Why does lung injury occur after the use of higher tidal volumes?
In humans and mice, NLRP3 inflammasome gene expression was up-regulated for those who received higher tidal volumes. (Image source: Thinkstock)
Mechanical ventilation can be life saving. For patients with acute lung injury, lower rather than higher tidal volumes can reduce lung injury and decrease mortality. What is the basis for this finding? Damage and pathogen-associated molecular patterns are activated by injured tissue and then form the NLRP3 inflammasone. In the study “Ventilator-induced Lung Injury Is Mediated by the NLRP3 Inflammasome,” Dr. Maria T. Kuipers (Research Fellow, Laboratory of Experimental Intensive Care and Anesthesiology [LEICA], and Center of Experimental and Molecular Medicine, Academic Medical Center, University of Amsterdam, Amsterdam, The Netherlands) and colleagues proposed that NLRP3 inflammasome signaling produces an inflammatory response that is responsible for ventilator-induced lung injury.
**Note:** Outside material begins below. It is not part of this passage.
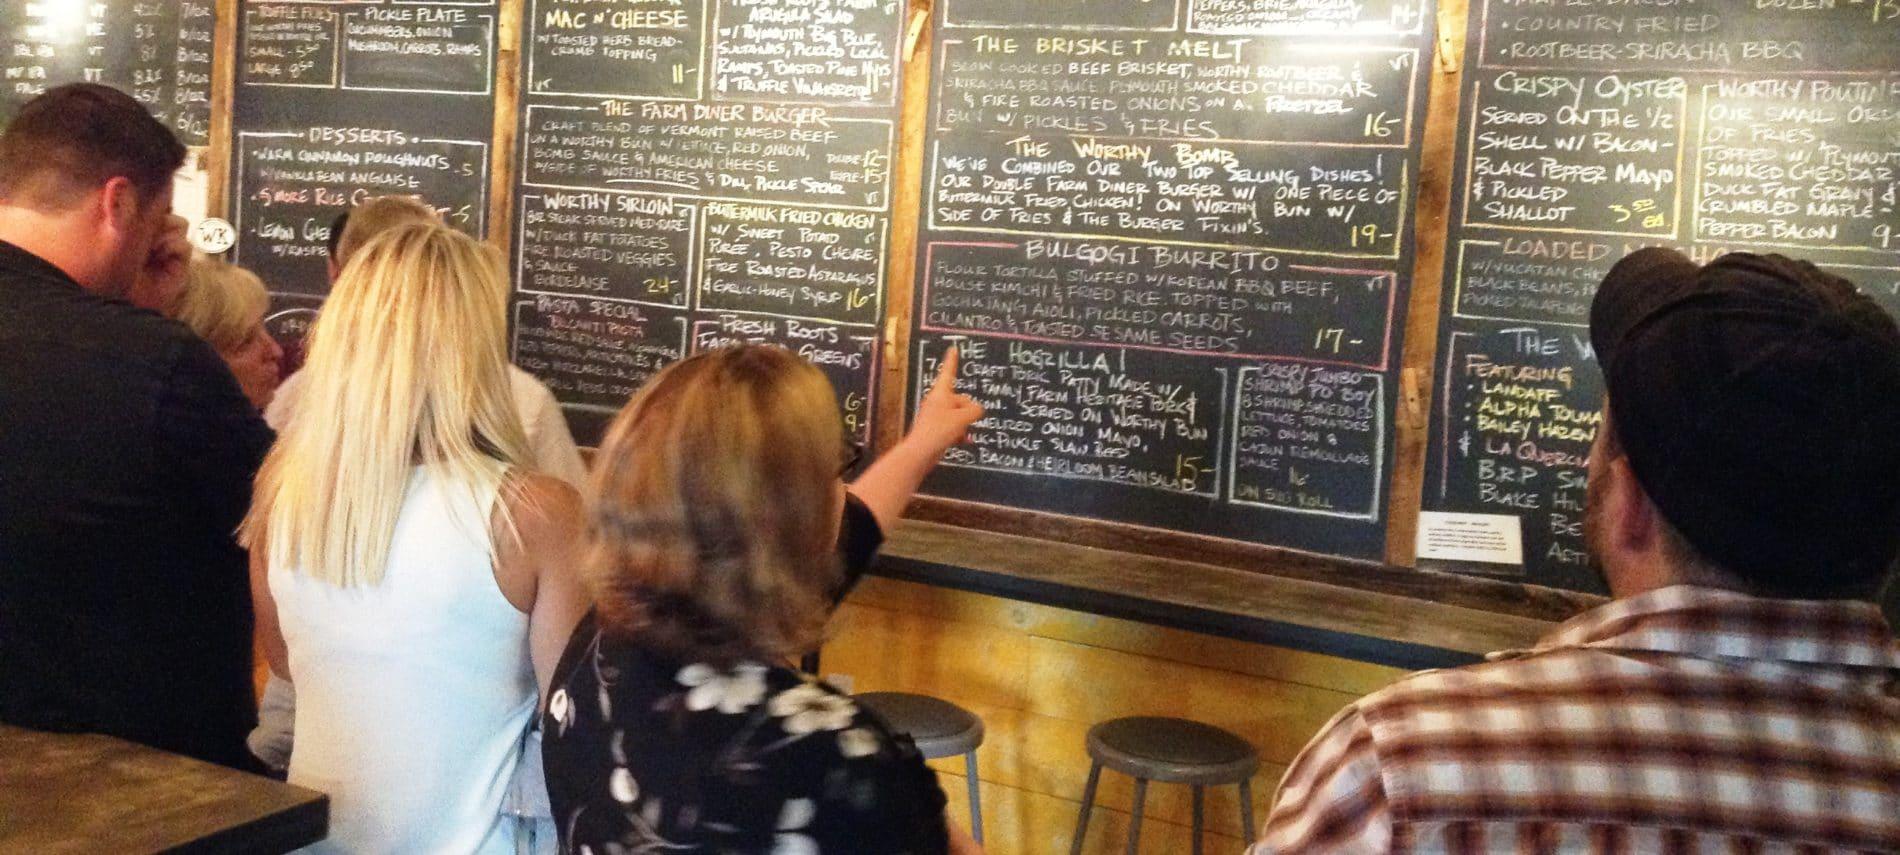 Worthy Kitchen chalkboard menu

Experiments were performed in humans and mice. Bronchial brush samples and bronchoalveolar lavage fluid from mechanically ventilated patients undergoing surgery for more than 5 h without preexisting lung injury were obtained from 40 patients. The patients were divided into lung protective (6 ml/kg ideal body and 10 cm H20 PEEP) and standard ventilation (12 ml/kg ideal body weight and no PEEP) groups. In mice, both normal and NLRP3 inflammasome deficient and adaptor apoptosis-associated speck-like protein deficient mice were randomized to receive either high (inspiratory pressure of 18 cm H20) or low tidal volume (inspiratory pressure of 10 cm H20) for 5 h.
In humans and mice, NLRP3 inflammasome gene expression was up-regulated for those who received higher tidal volumes. In mice, end-products of NLPR3 inflammasone activation were also up-regulated. Ventilator-induced lung injury was reduced in NLRP3 and adaptor apoptosis-associated speck-like protein deficient mice. Also, in mice with pharmacologic inhibition of the IL-1β and NLRP3 inflammasome pathway, e.g., with interleukin-1 receptor antagonist, or glibenclamide, ventilator-induced lung injury was reduced.
Whether treatment in humans with ventilator-induced lung injury, particularly for patients who are more susceptible to lung injury such as those who are obese, by using inhibitors of ventilator-induced lung injury would improve outcome is unclear. Indeed, glibenclamide, a sulphonylurea, is used also used to treat diabetes.